Public IP addresses in Azure - Time & Space Complexity
When creating public IP addresses in Azure, it's important to understand how the time to complete this task changes as you create more addresses.
We want to know: how does the number of public IPs affect the total time and operations needed?
Analyze the time complexity of the following operation sequence.
// Create multiple public IP addresses in Azure
for (int i = 0; i < n; i++) {
var publicIp = new PublicIPAddress($"publicIp-{i}")
.WithRegion("eastus")
.WithExistingResourceGroup("myResourceGroup")
.WithDynamicIP()
.Create();
}
This sequence creates n public IP addresses one after another in a specified resource group and region.
Identify the API calls, resource provisioning, data transfers that repeat.
- Primary operation: Creating a single public IP address resource via Azure API.
- How many times: Exactly n times, once per public IP address.

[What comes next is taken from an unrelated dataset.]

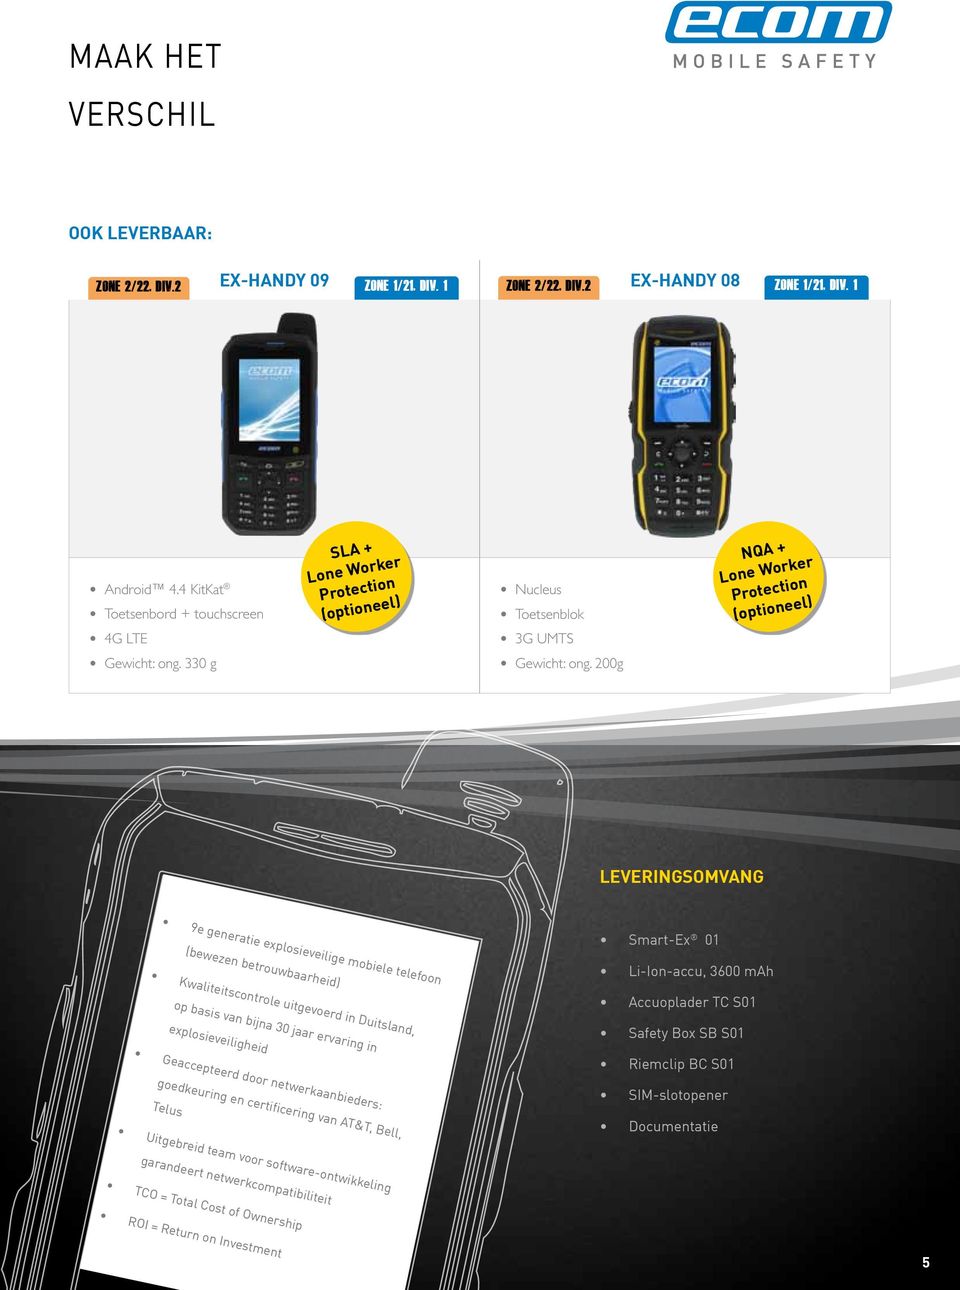 200g LEVERINGSOMVANG 9e generatie explosieveilige mobiele telefoon Smart-Ex 01 (bewezen betrouwbaarheid) Li-Ion-accu, 3600 mah Kwaliteitscontrole uitgevoerd in Duitsland, op basis van bijna 30 jaar

Each new public IP requires a separate creation call, so the total work grows directly with the number of IPs.
| Input Size (n) | Approx. API Calls/Operations |
|---|---|
| 10 | 10 |
| 100 | 100 |
| 1000 | 1000 |
Pattern observation: Doubling the number of IPs doubles the number of API calls and total time roughly.
Time Complexity: O(n)
This means the time to create public IP addresses grows linearly with how many you create.
[X] Wrong: "Creating multiple public IPs happens all at once, so time stays the same no matter how many I create."
[OK] Correct: Each public IP creation is a separate call and provisioning step, so more IPs mean more total time.
Understanding how resource creation scales helps you design efficient cloud deployments and estimate wait times realistically.
What if we created all public IP addresses in parallel instead of one after another? How would the time complexity change?